■ What the task asks
Skip the pictures, and retype the data below in full, exactly.

■ Supplied information

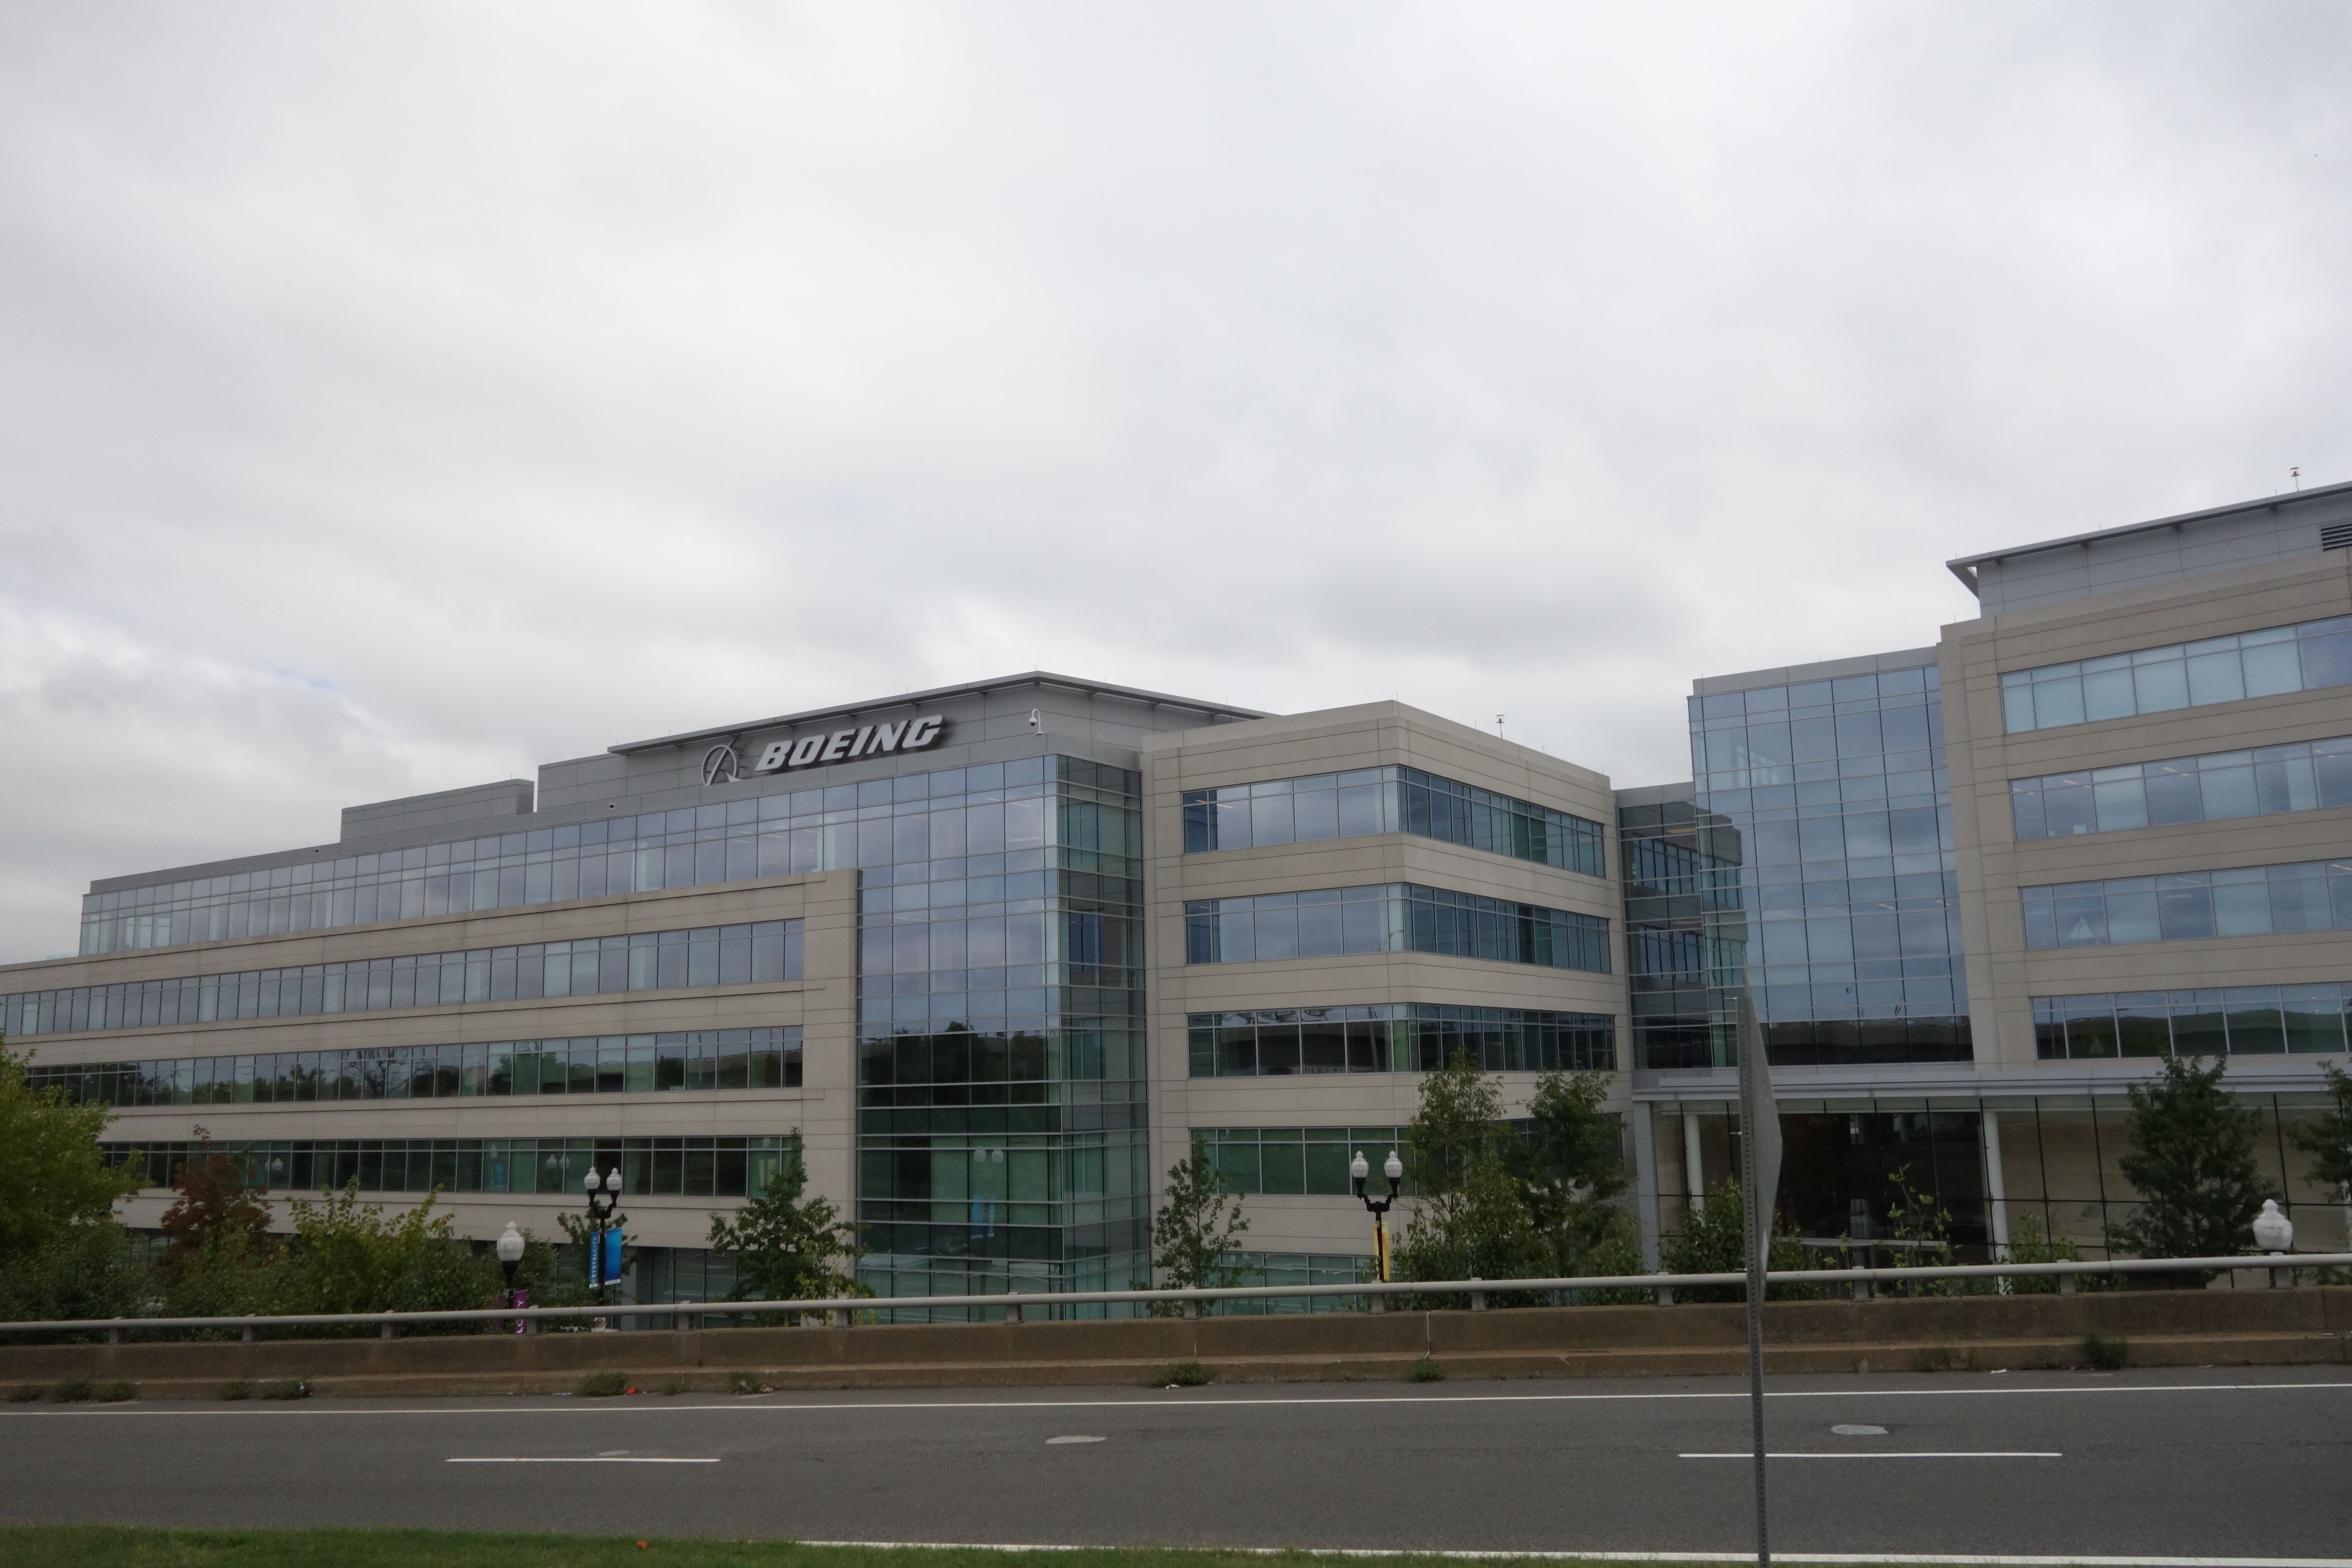 Boeing's headquarters in Virginia
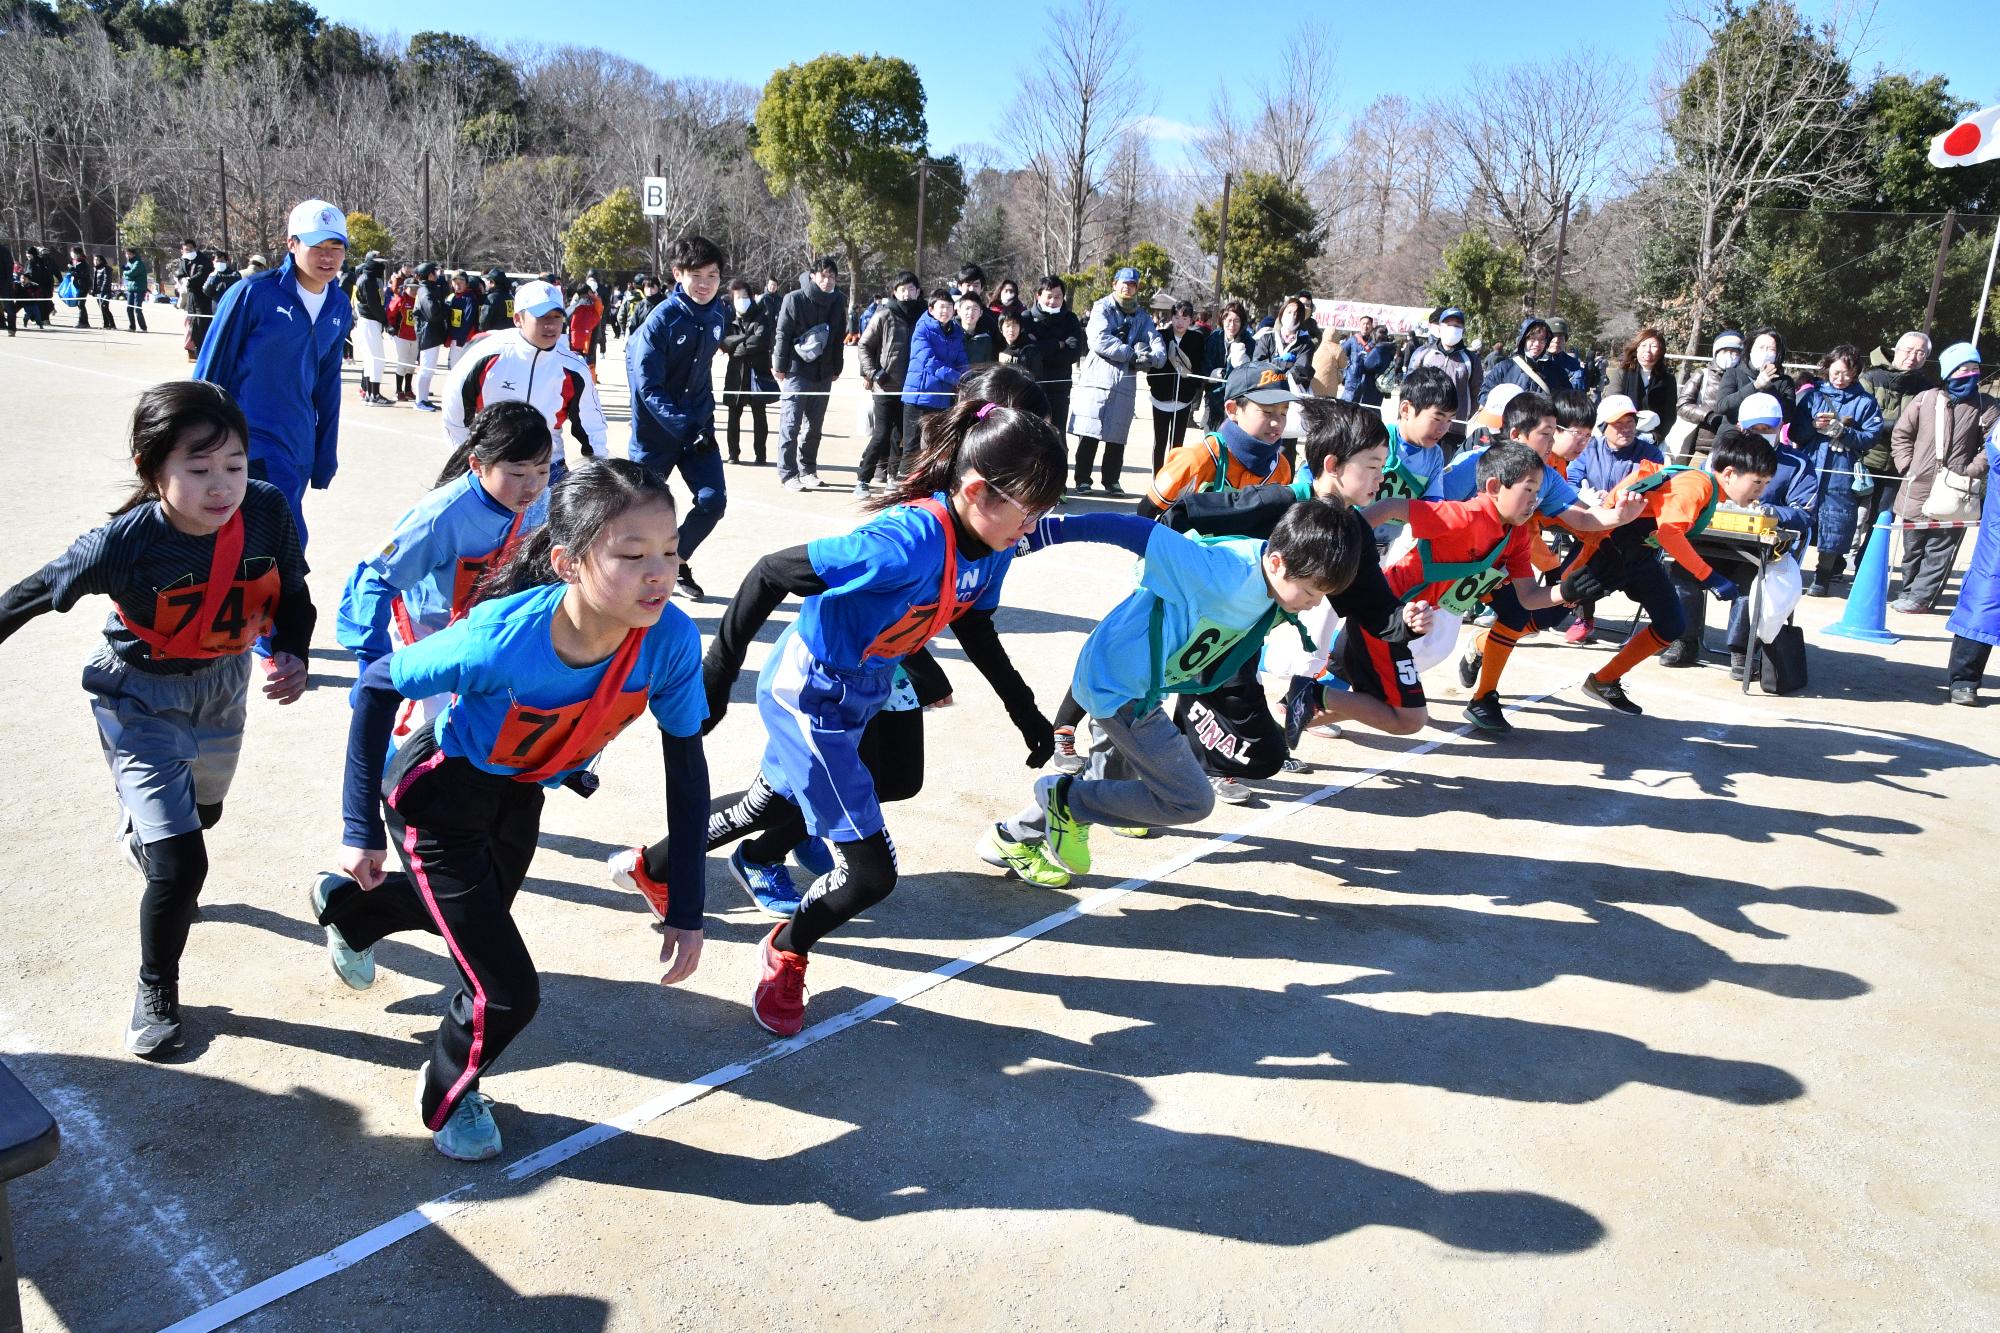 オケちゃん駅伝競走大会で、小学生の子供たちがスタートした瞬間の写真
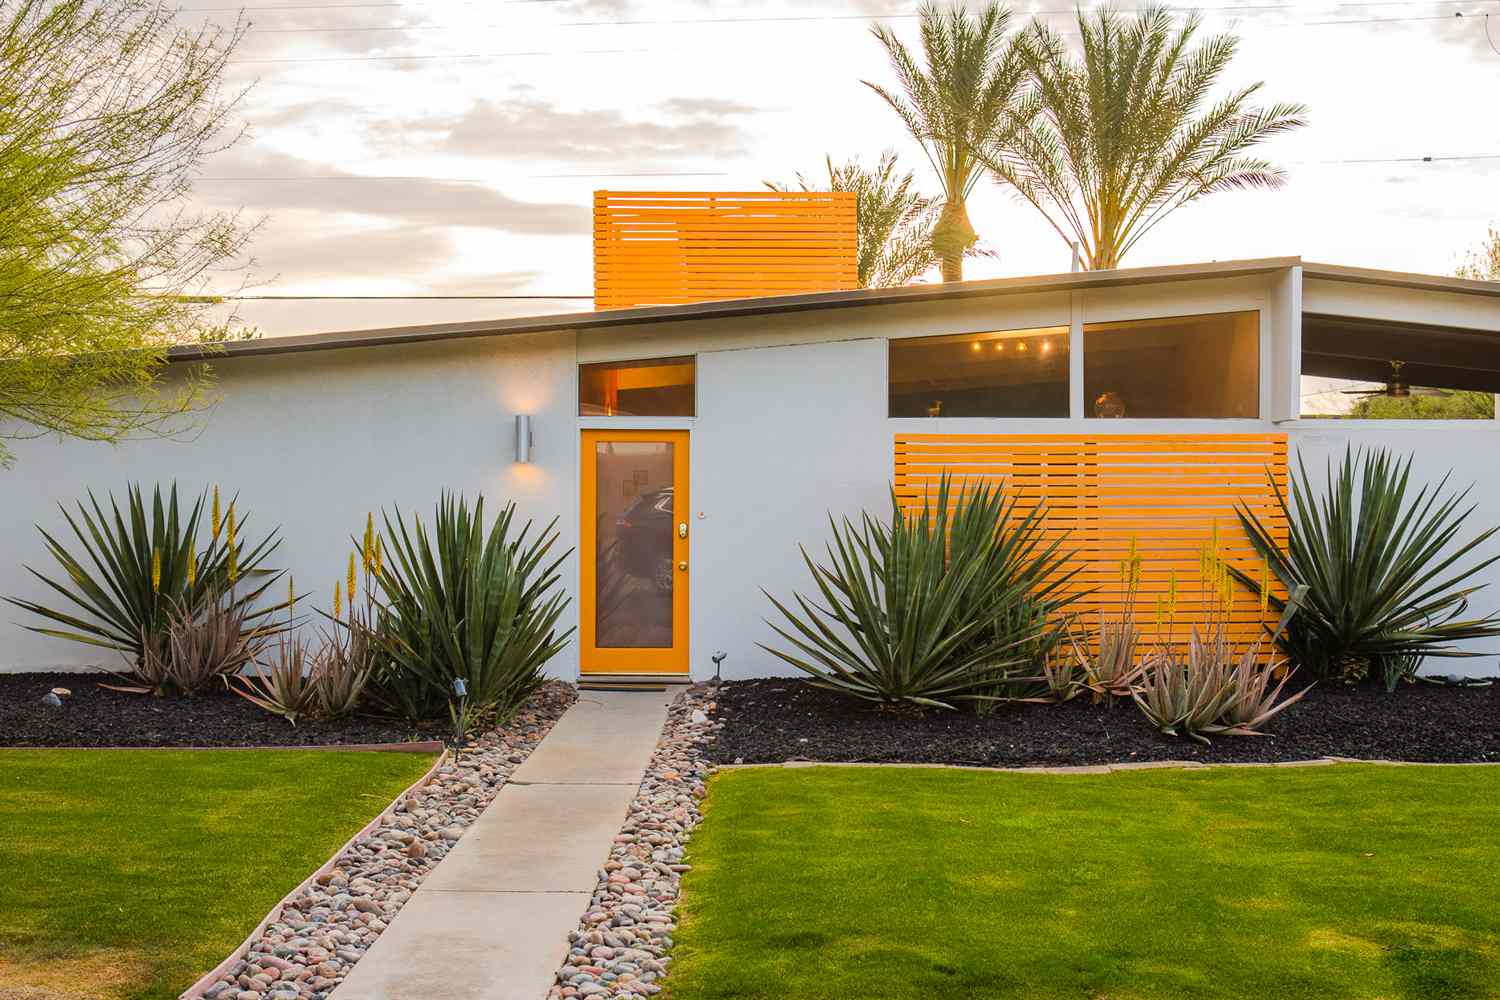 Modernes Haus mit schlanken Linien, orange lackierten Türen und Trennwänden

■ Answer for this exercise
 Boeing's headquarters in Virginia
 オケちゃん駅伝競走大会で、小学生の子供たちがスタートした瞬間の写真
 Modernes Haus mit schlanken Linien, orange lackierten Türen und Trennwänden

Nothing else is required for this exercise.